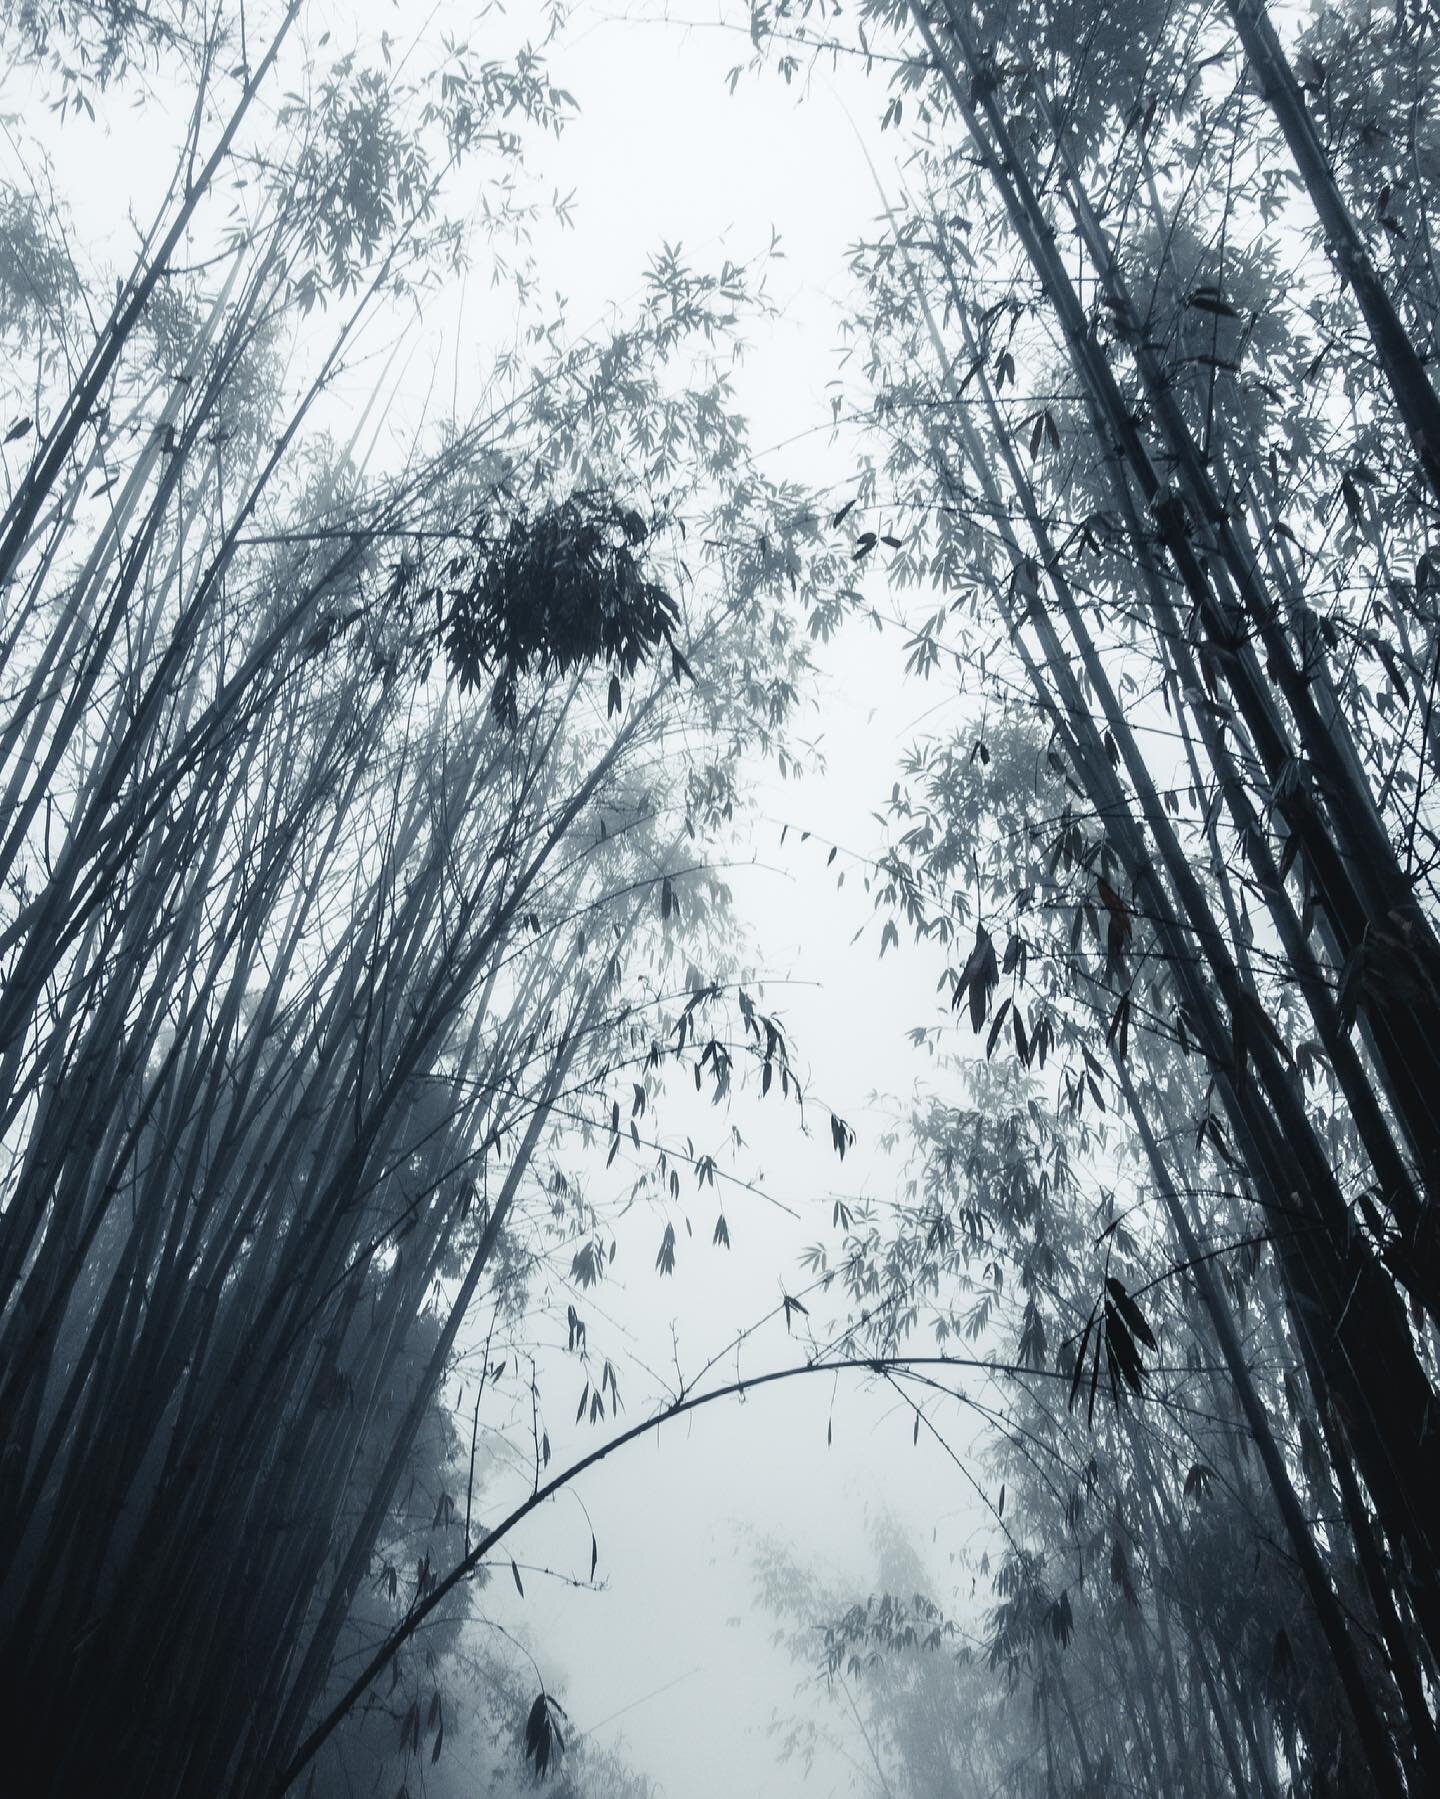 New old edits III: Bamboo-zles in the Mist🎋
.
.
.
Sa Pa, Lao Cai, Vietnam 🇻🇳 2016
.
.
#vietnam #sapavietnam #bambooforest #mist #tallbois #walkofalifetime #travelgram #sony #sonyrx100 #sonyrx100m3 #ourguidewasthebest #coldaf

###

WHAT YOU ARE ASKED TO DO =
Leave out the pictures and copy the rest of the material above exactly.

EXERCISE RESULT =
 New old edits III: Bamboo-zles in the Mist🎋
.
.
.
Sa Pa, Lao Cai, Vietnam 🇻🇳 2016
.
.
#vietnam #sapavietnam #bambooforest #mist #tallbois #walkofalifetime #travelgram #sony #sonyrx100 #sonyrx100m3 #ourguidewasthebest #coldaf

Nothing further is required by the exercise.